Эта встреча с Карманкой как будто вылечила меня от гнетущей подавленности и тоскливой оторопи перед приказчиком и подрядчицей.
Однажды я пошёл со своим «Робинзоном» на берег. Недалеко от ворот промысла, на песчаном обрывистом бугре, покрытом колючками и жёстким кустарником, стояла закопчённая печь жиротопни. Она постоянно дымилась. Рядом с ней громоздились пузатые бочки. Жиротоп Ермил — тоже закопчённый и пропитанный жиром старик с длинным черпаком в руках — плаксиво морщился от дыма и переливал из бочки в бочку густой, как мёд, рыбий жир. Я не мог привыкнуть к смраду жиротопни, который разносился по берегу, и бегом проносился через это отравленное место на золотую песчаную гладь прибрежья.
В этот день я заметил, что море — совсем недалеко, и волны белыми барашками бегут к барже и бунтуют вдоль её днища. Волны мчались из туманной дали, кипели пеной и широким наплеском обливали песок. Направо, за береговым плотом бежали по песку мальчишки и девчонки, перегоняя друг друга, и весело кричали и смеялись. Они неслись прямо к барже — должно быть, как я, встречать море. А с моря вместе с волнами дул ветер, тёплый, упругий, в пряных запахах морской воды. Над морем и над песчаными далями летели стаи белых облаков. По песку ползли навстречу мне пепельные тени. А я, завернув выше колен штанишки, с книжкой в руке бежал по мягкому рассыпчатому песку и чувствовал себя лёгким и крылатым. И мне чудилось, что я — Робинзон, что баржа, лежащая на боку, разбитая и израненная, — мой корабль, с которого я смыт волнами и выброшен на берег.

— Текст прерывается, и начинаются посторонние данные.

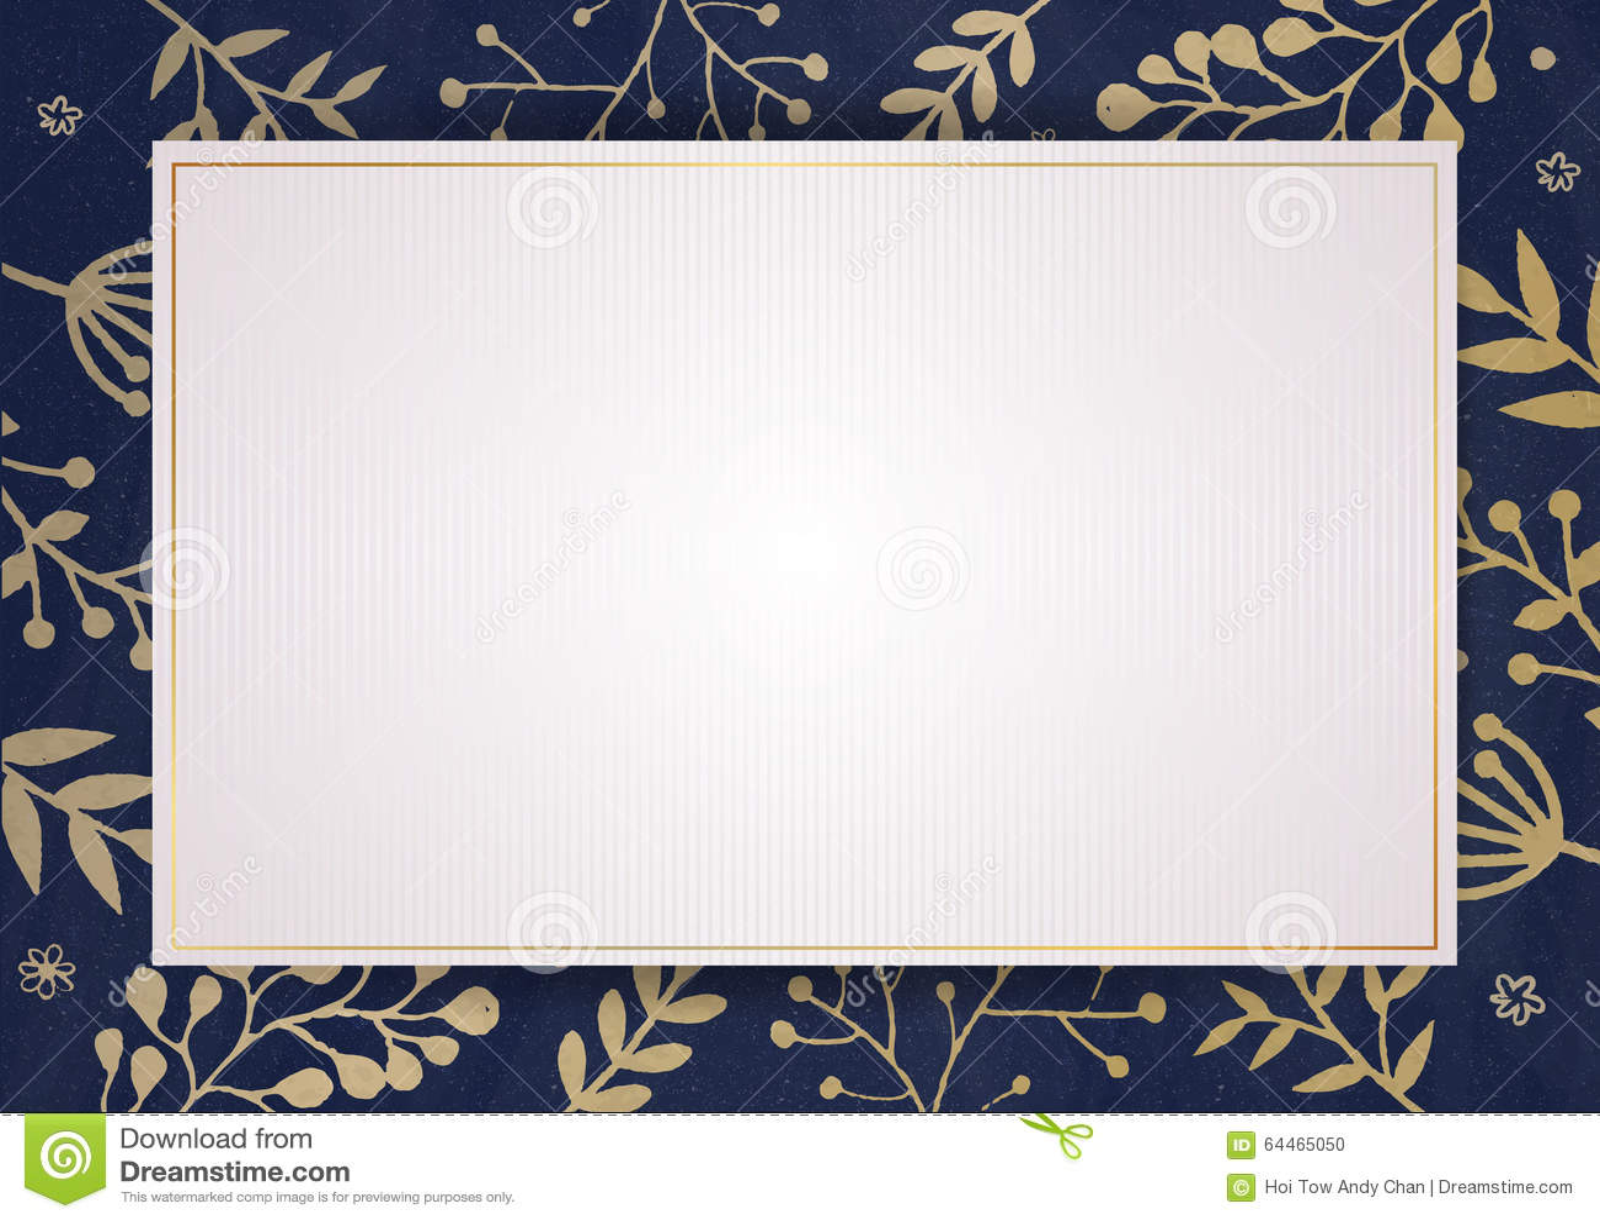 elegant invitation card with florals border stock photo

Я повернул к барже, чтобы пристать к бежавшим ребятишкам и, задыхаясь от беспричинной радости, смеялся и солнышку, и облакам, и ветру. Вот они передо мною — дикари, я сейчас настигну их, испугаю, и они бросят одного — вон того маленького человечка, которого тащит за руку парнишка побольше, а я захвачу его и назову Пятницей. Но вдруг я задел за что-то ногою и с разбегу брякнулся в песок. Я хотел вскочить, но на меня упал парнишка и перевернул на спину. Не успел я очухаться, как он оседлал меня и надавил кулаками на грудь.
— Живота или смерти?
Поджарый, большеголовый, коротко остриженный, он злорадно впивался в меня острыми глазами. Должно быть, он изо всех сил догонял меня, потому что дышал запалённо. Я ткнул его кулаком в губы. В глазах его вспыхнуло изумление. Я вывернулся, обхватил его шею и прижал к себе. Мы яростно начали бороться, катаясь по песку. Он задыхался и старался схватить меня за горло. Но я оказался сильнее его: мне удалось сесть на него верхом и прижать руки его к песку. И как он ни извивался, как ни старался обмануть меня — ничего у него не выходило. От этого он слабел ещё больше. Глаза его наливались отчаянием. Он вдруг обмяк и словно проснулся: пристально вглядываясь в моё лицо, он как будто недоумевал, почему очутился подо мною и почему я, незнакомый парнишка, сижу на нем, прижимая его руки к песку.
— Живота или смерти?
Раздувая ноздри, он молчал и продолжал рассматривать меня с удивлением. На губах у него была кровь. Вдруг он улыбнулся и примирительно проговорил:
— Сдаюсь. Ты — ловкий и не трус. Будем дружить.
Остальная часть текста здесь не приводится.